Optimally active at acid pH:

Lysosomes are membrane enclosed compartments filled with acid hydrolytic enzymes. A H+ pump in the lysosomal membrane uses the energy of ATP hydrolysis to pump H+ into the lysosome thereby maintaining the lumen at its acidic pH of about 5.0. 

Digestive enzymes are delivered to lysosomes via the Golgi apparatus. Substances to be digested come from endocytosis.

Delivery of hydrolases and membrane proteins: are synthesized in the rough ER and transported through the Golgi apparatus to transport vesicles that deliver these proteins to late (which will form lysosomes). Lysosomal hydrolases have a unique marker in the form of mannose 6-phosphate (M6P) groups which are added exclusively to the N-linked olgiosaccharides of these enzymes as they pass through the lumen of the cis Golgi. 2 enzymes are responsible for adding the M6P groups and these enzymes recognize the hydrolase proteins due to a signal patch on the polypeptide surface of the hydrolase. 

The M6P groups are recognized by transmembrane M6P receptor proteins which are present in the trans Golgi which aid in packaging the hydrolases into clathrin coated vesicles that bud from the trans Golgi. The receptor travels with the vesicle to a late endosome where the hydrolase dissociates from the receptor due to the lower pH in the endosome. The receptor is then returned to the golgi in a vesicle where it can be reused. 
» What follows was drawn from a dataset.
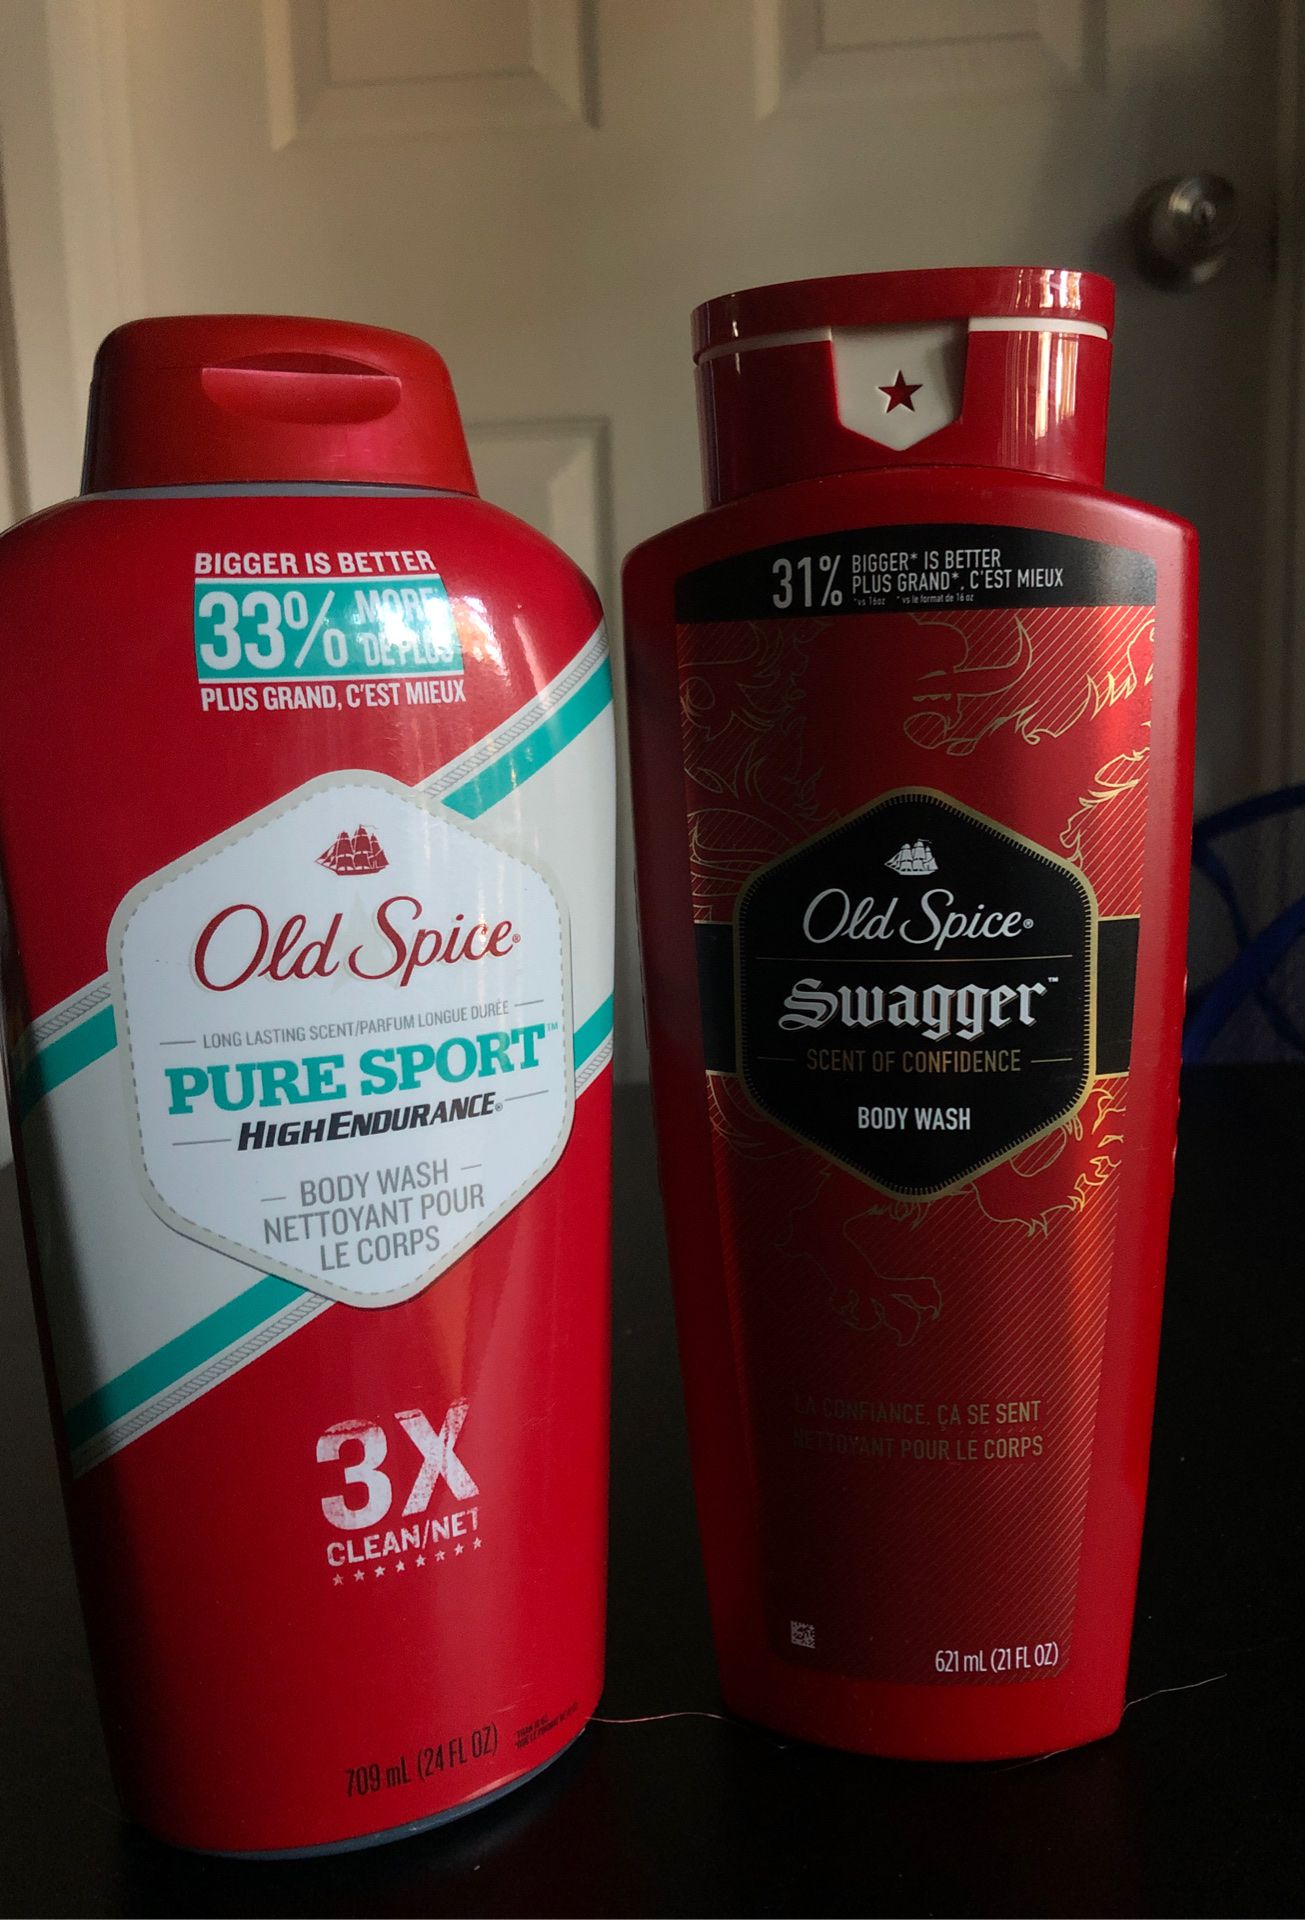 Two brand new old spice body wash

Sources of substances to be digested: 1) endocytosis is the process by which cells take up macromolecules. 2 types of endocytosis are distinguished based on the size of the endocytic vesicles formed. Phagocytosisinvolves the ingestion of large particles such as microorganisms or dead cells via phagosomes and pinocytosis involves the ingestion of solutes via small pinocytic vesicles. In mammals, 3 types of white blood cells are phagocytes; . Eucarytoic cells continually ingest parts of their plasma membrane in the form of small pinocytic (endocytic) vesicles. The same amount of membrane removed is restored through the process of exocytosis. Pincocytic vesicles are typically clathrin coated although they may also be caveolae.
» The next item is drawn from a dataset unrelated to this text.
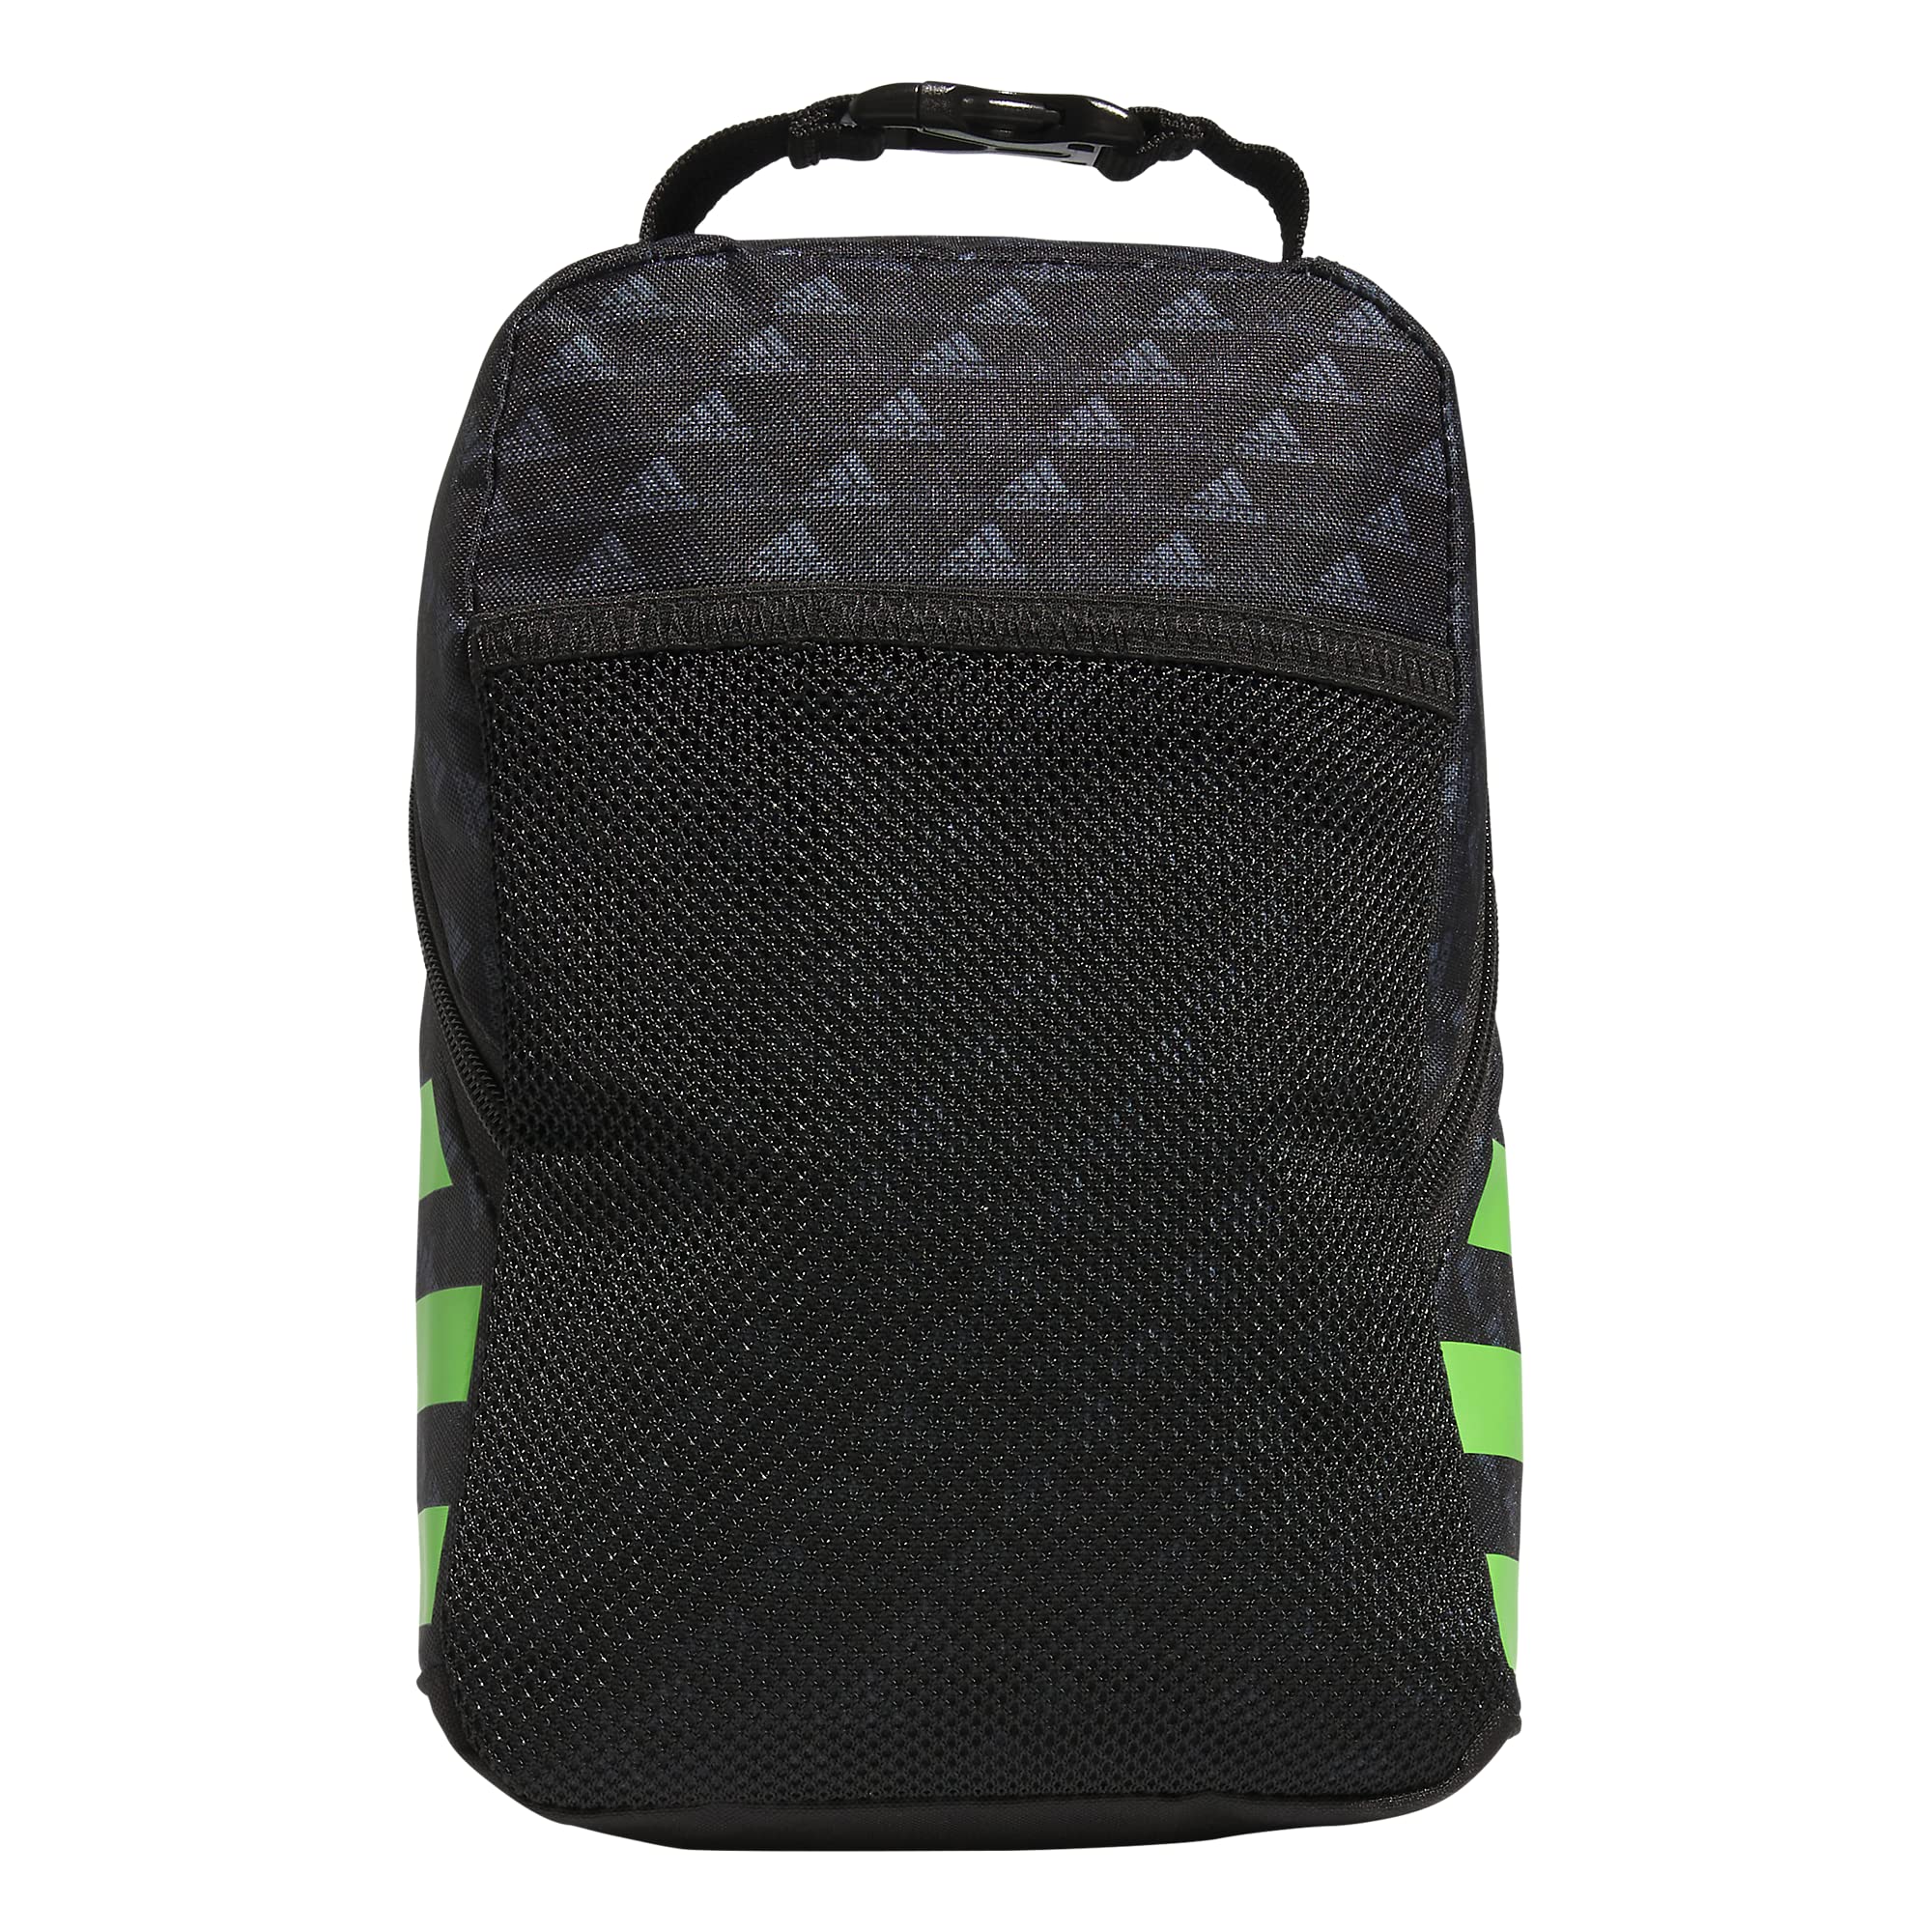 adidas Santiago 2 Insulated Lunch Bag, BOS Mini Monogram Black/Lucid Lime Green, One Size

Many cell surface receptors that bind specific extracellular macromolecules become localized in clathrin coated pits in a process called receptor mediated endocytosis. (examples include LDL receptors) The coated endocytic veiscles rapidly shed their clathrin coats and fuse with early endosomes. Most of the ligands dissociate from their receptors in the acidic environment of the endosome and end up in lysosomes while most of the receptors are recycled back to the cell surface but sometimes both the receptor and ligand end up being degraded in lysosomes, resulting in receptor down regulation. In some cases, both are transferred to a different plasma membrane and the ligand is thereby released by exocytosis at a surface of the cell different from that where it started in a process called transcytosis.
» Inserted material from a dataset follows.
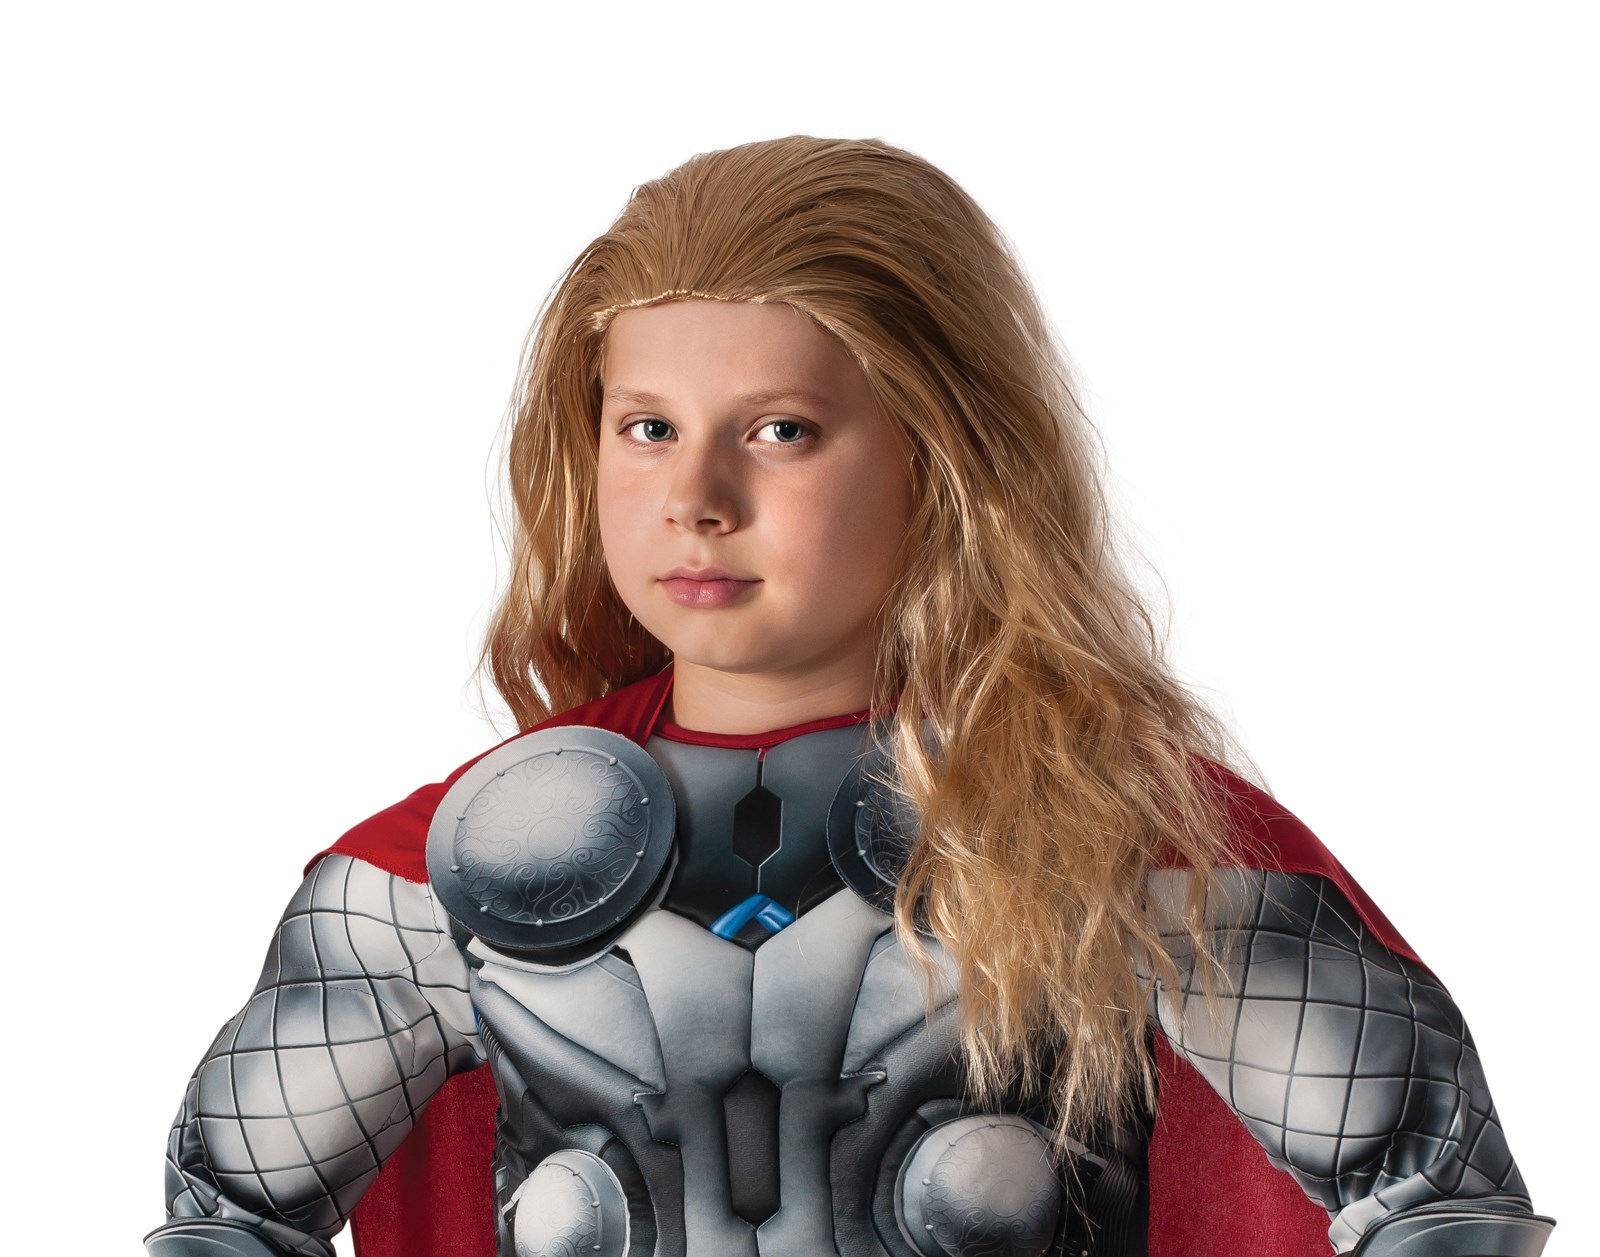 Avengers 2 - Age of Ultron: Thor Wig For Kids

Lysosomal storage Disorders:

A number of human genetic disorders affect lysosomes.

Tay-Sachs disease: is caused by the loss of function of a single lysosomal enzyme (hexosaminidase). This enzyme is necessary to break down a membrane glycoolipid found in nerve cells. Accmulation of glycolipid in lysosomes affects nerve cell function, leading to a vareity of clinical symptoms such as seizures and musle rigidity.